# TASK OBJECTIVE
Give back the full listing as written. No pictures go with it.

RECORDED DATA Block Start

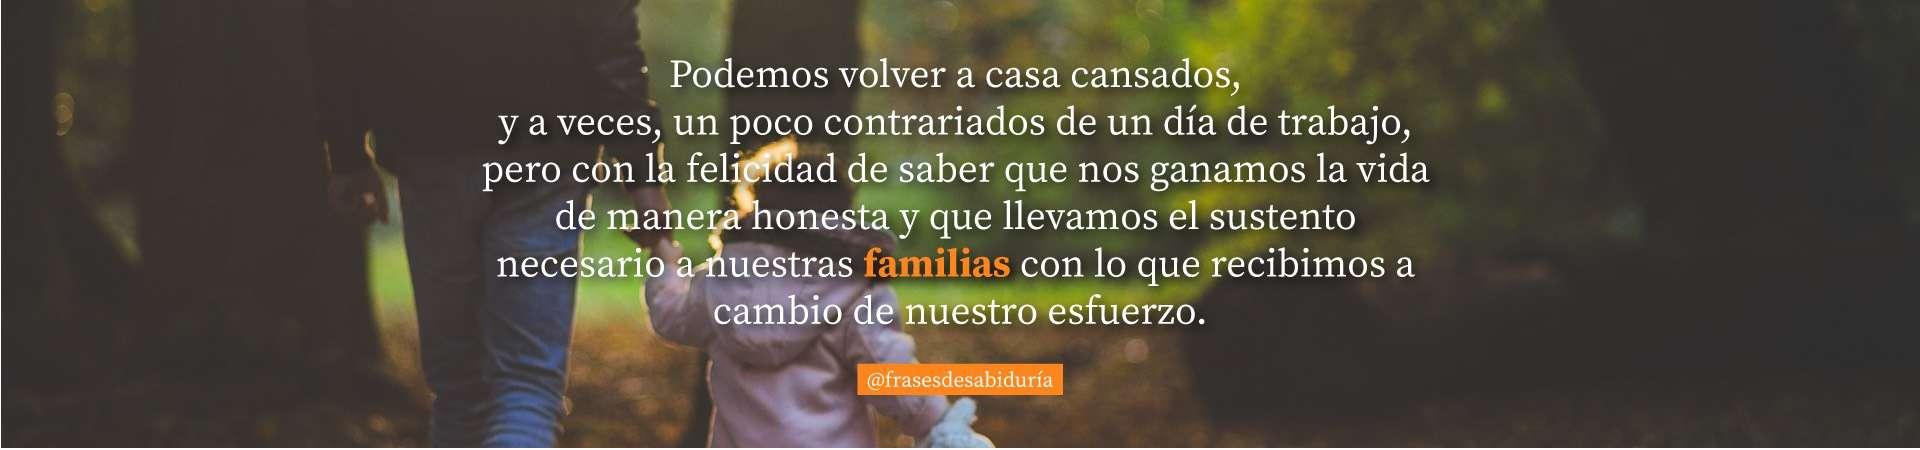 Felicidad de ganarnos la vida y llevar el sustento a la familia.
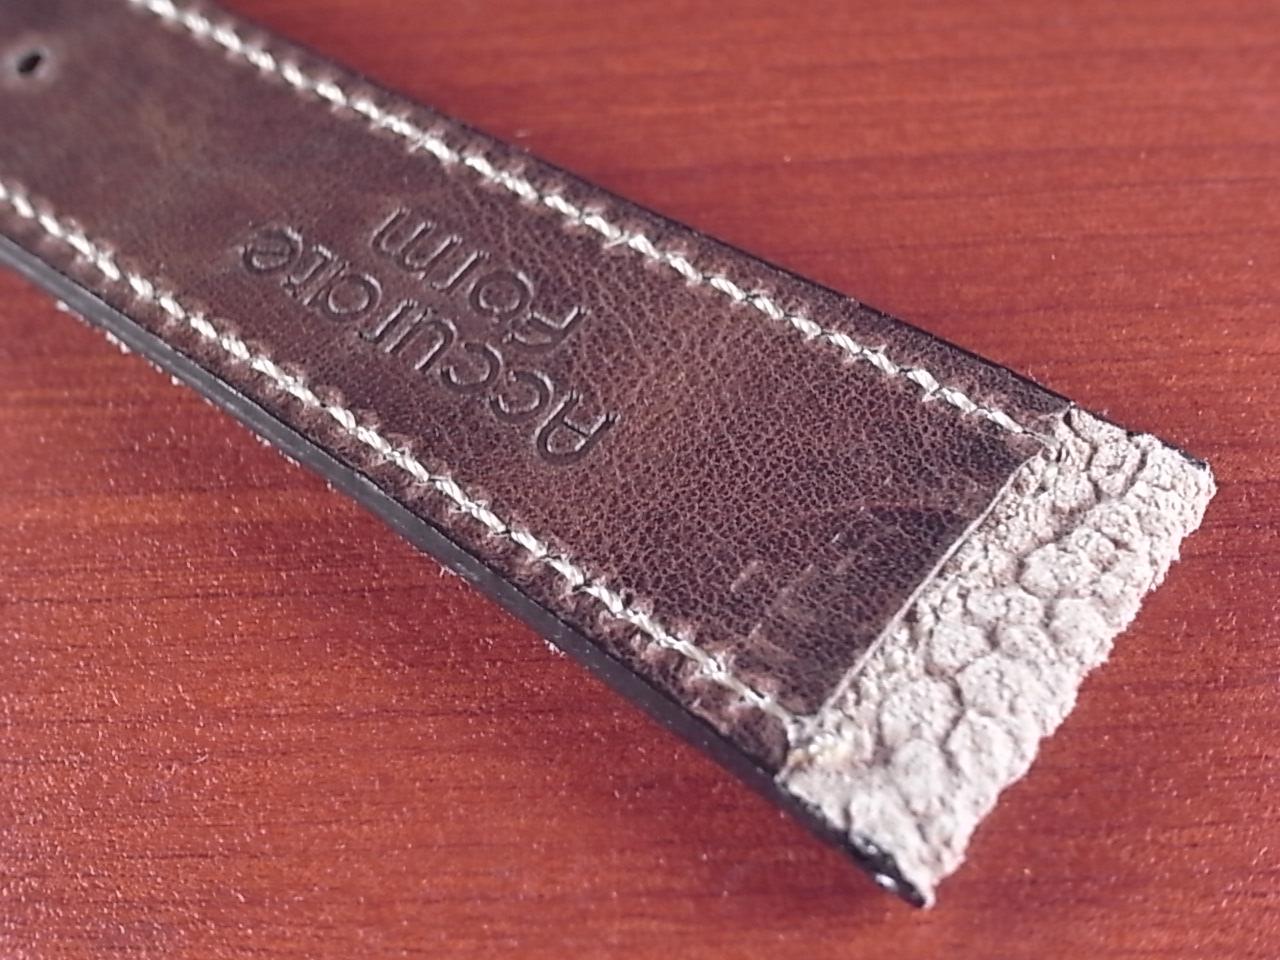 エレファント革ベルト ヴィンテージベージュ 18、20mm CBE-01aの写真6枚目
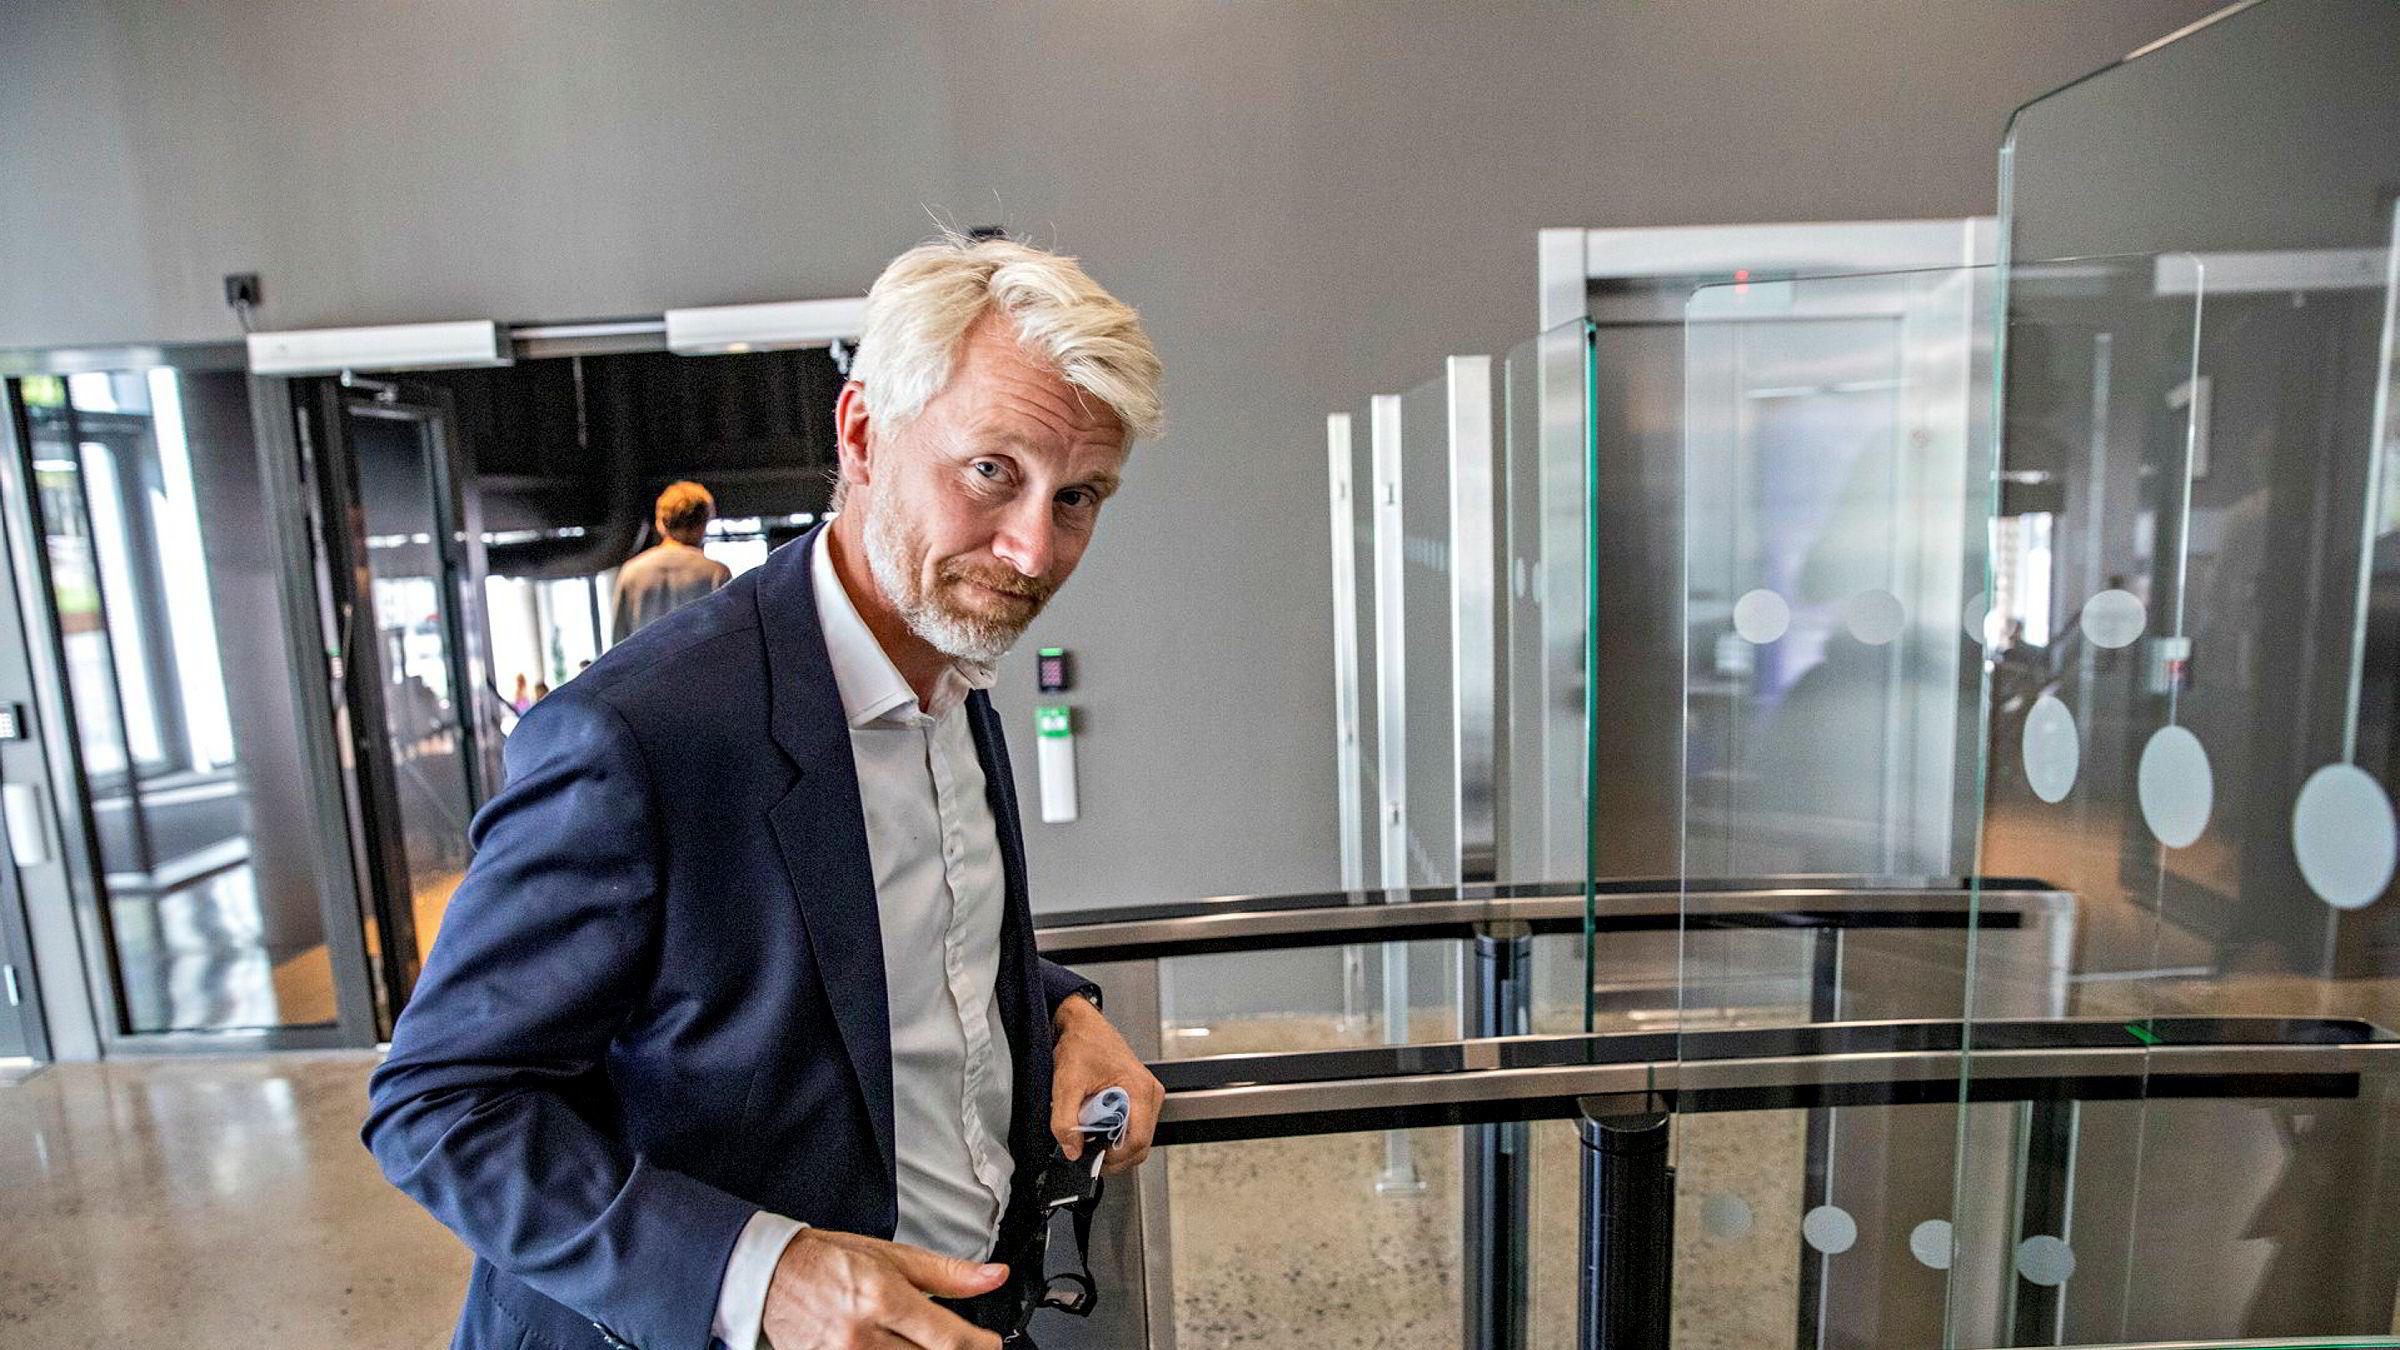 – Det er ingen tvil om at det er krevende å drive journalistikk på fagområder som er vanskelig tilgjengelige, sier TV 2-sjef Olav Sandnes.

RECORDED DATA Block End

# RESULT FOR THIS TASK
 Felicidad de ganarnos la vida y llevar el sustento a la familia.
 エレファント革ベルト ヴィンテージベージュ 18、20mm CBE-01aの写真6枚目
 – Det er ingen tvil om at det er krevende å drive journalistikk på fagområder som er vanskelig tilgjengelige, sier TV 2-sjef Olav Sandnes.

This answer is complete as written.